Welcome to the Brave New World of AI Opinion Polling
Opinion polling is dead. Long live opinion polling!
I’ve never been all that interested in opinion polls. But I do love data. So after reading a recent paper on using generative AI engines to simulate survey results, my only thought was: “Where do I sign up?”
Keep in mind the growing problems traditional survey takers have been facing, including how to deal with the fact that most people now use only mobile phones, and that more and more of us refuse to answer any call coming from unfamiliar numbers.
Also, remember that traditional public opinion polls are not synonymous with public opinion. Polls use the stated opinions of a tiny slice of a population as a proxy for public opinion. But professional pollsters understand that the people who responded to their polls don’t perfectly represent their neighbors or compatriots. So the pros use their knowledge of demographics to adjust survey responses using statistical weights to estimate a better match for the real world.
The idea behind this new AI-driven approach is that we can drop the non-representative survey responses altogether and focus exclusively on the demographics. Will an AI simulation be perfect? Of course not. But it might sometimes give us a quality that’s comparable to telephone surveys were in their glory years. And at the very least, it’ll provide a new data resource.
Oh, and it’s free. And fun.
My first resource for demographics was Elections Canada election results from both the 2019 and 2021 federal elections. I then grabbed the huge Statistics Canada 2021 census dataset. That gives us 2,631 data points for each of the 338 electoral districts (ridings) across Canada. For this experiment, I selected these measures:
Median income
Median age
Percentage living in detached home
Percentage married
Average number of children
Gini index (income inequality)
Percentage owning their home
Percentage living in government housing
Percentage immigrants
Percentage non-permanent residents
Percentage earned bachelors degree
Percentage employed
Percentage speak English at work
Percentage speak French at work
Percentage work at home
Once I’d dropped all that data into a spreadsheet, I had robust profiles for each riding across the country. My next step was to feed everything to the friendly AI of my choice.
From here, simulating a highly-representative survey of a wide swath of Canadians will be easy. Based on a recent post in The Audit, I began with this survey question:
Over the past 15 years, Canada has spent more than three billion dollars funding the international organization: 'Global Fund to Fight AIDS, Tuberculosis and Malaria'. The organization has had some success, but their job isn't complete. Do you think we should: increase our funding, decrease our funding, or leave the funding where it is?
The results suggested that 121 “ridings” wanted Canada to increase program funding, 119 wanted funding reduced, and 98 preferred things the way they are.
But as you all know, the way you ask the question largely determines the answers you get. How might people respond when they’ve got some more to chew on? Here’s an alternate version of our survey question:
Over the past 15 years, Canada has spent more than three billion dollars funding the international organization: 'Global Fund to Fight AIDS, Tuberculosis and Malaria'. The organization has had some success, but they've consistently failed to meet many of their objectives. Critics suggest that our money could be put to better use. Do you think we should: increase our funding, decrease our funding, or leave the funding where it is?

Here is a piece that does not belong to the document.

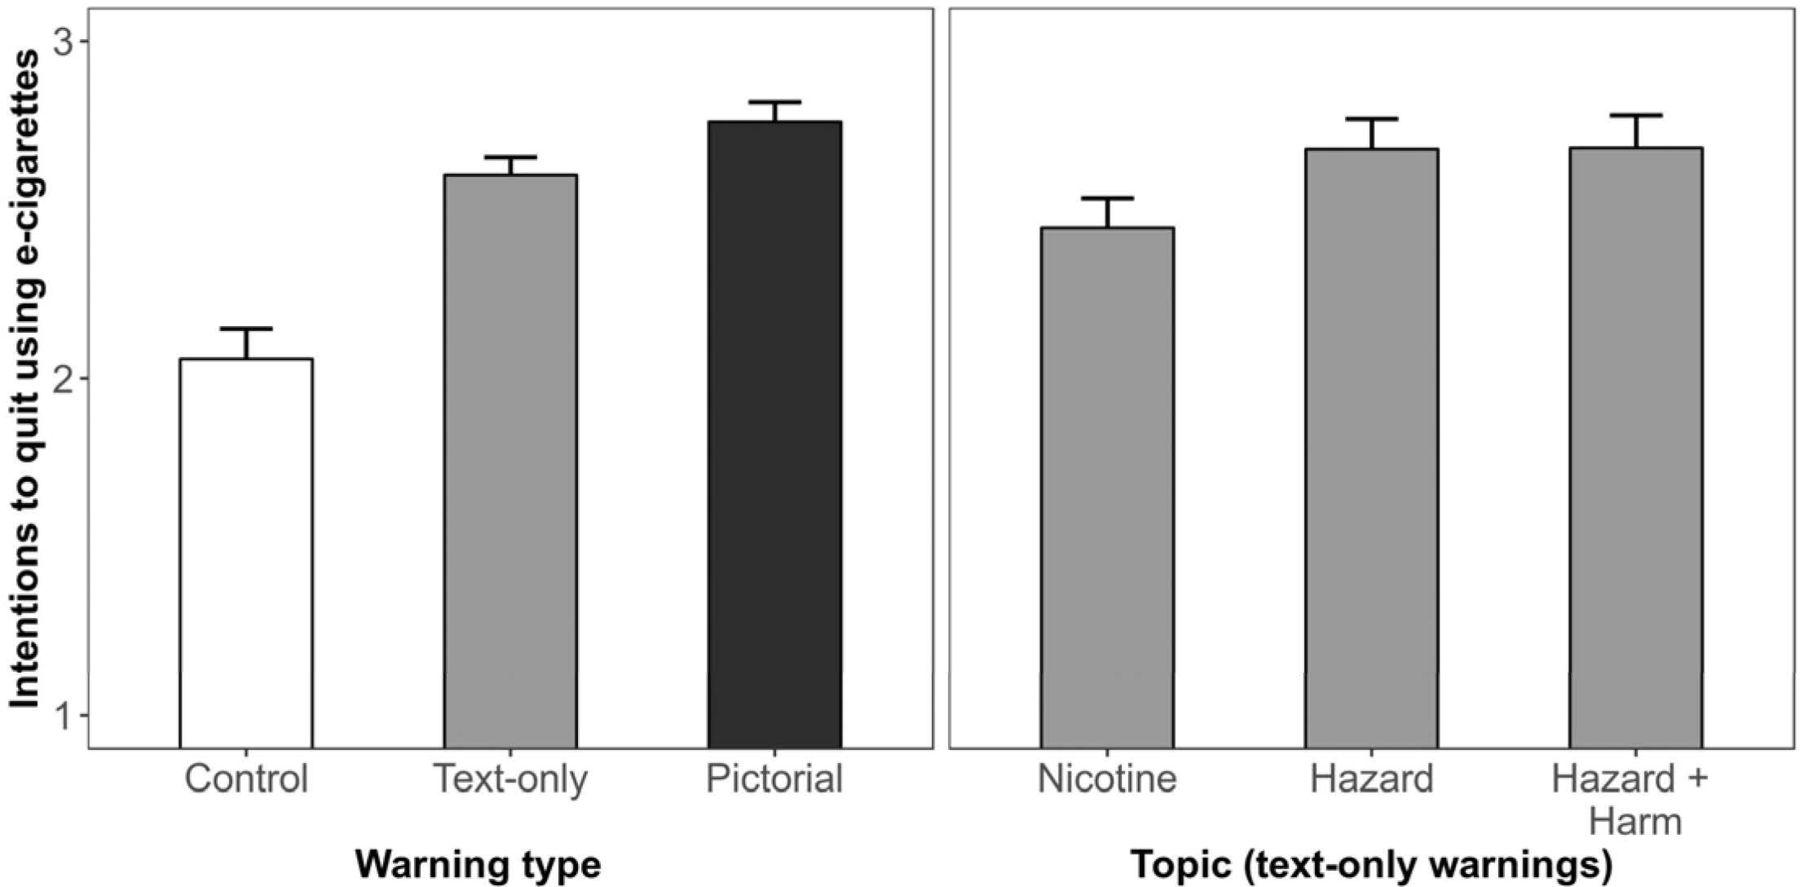 Impact of e-cigarette health warnings on motivation to vape
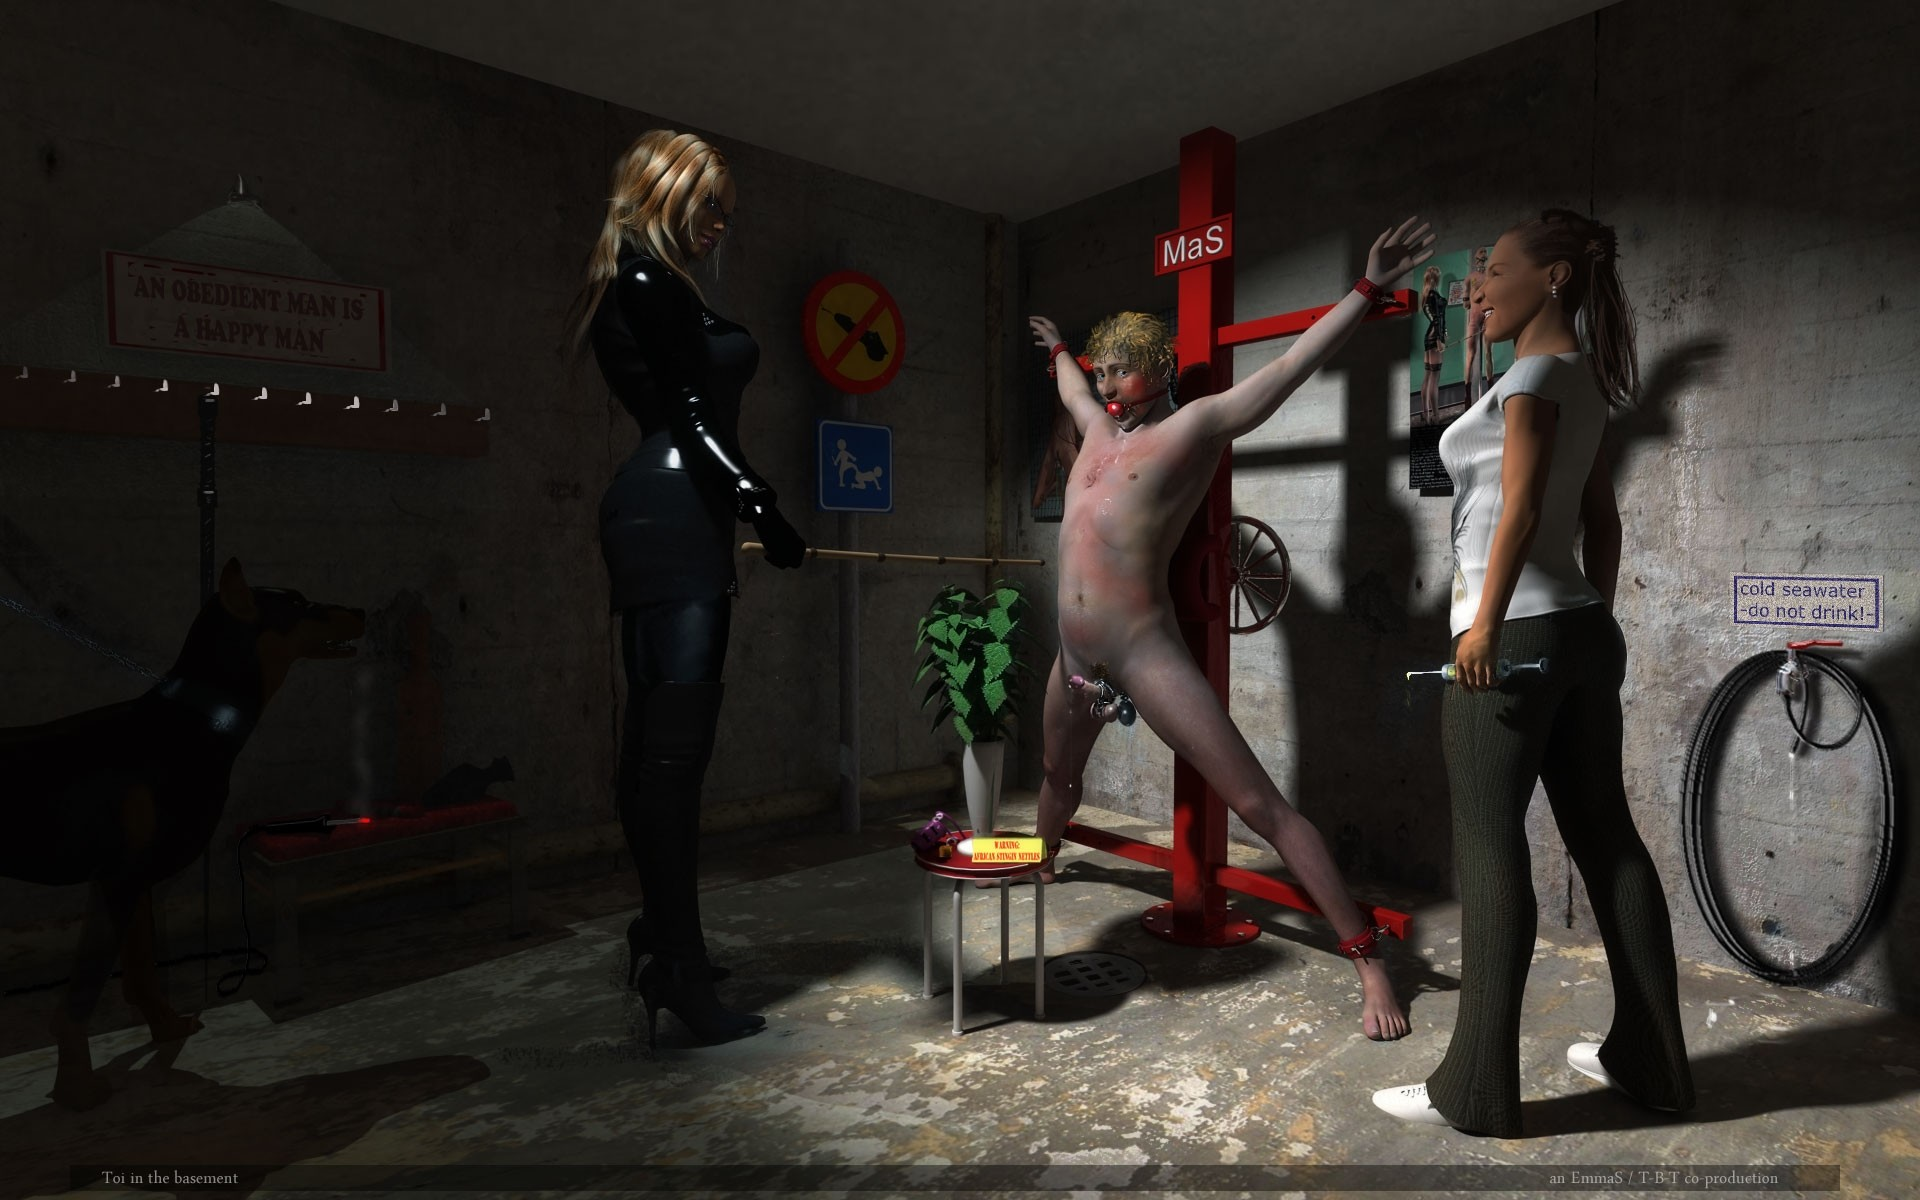 femdom art milking and castration domzine

The “increase funding” crowd shrank from 121 down to 82, while “leave it where it is” climbed from 98 to 137. Interestingly, “decrease funding” remained steady at 119.
How did responses to the second question vary between provinces? Take a look for yourself:
“Decrease funding” seems to dominate in Nova Scotia and “leave funding where it is” appears to have a higher proportion of support in Quebec than anywhere else.
Do those results make sense? For whatever it’s worth, I suspect that if we were to dive deeply into results from a few more survey questions we’d discover a reasonably strong relationship with real-world opinions. Of course, it might help things if I beefed up the demographics a bit. I could, for instance, add metrics representing urban vs rural ridings and dominant ethnic population groups.
I’m only beginning to appreciate where this could go. For example, I could imagine these tools being helpful for targeting public service, political, or commercial communications. Policy officials could use the data to more effectively deliver government services. And this kind of data could reduce the costs and resources required for important research projects.
Excellent read...predicting is always a fun sport. Even for AI.
Your experiment demonstrates how sensitive the "responses" are to the way the question is asked. But more fundamentally: Having built this more or less comprehensive socio-econom ic profile of each riding, where exactly do the "opinions" come from? Something's missing here.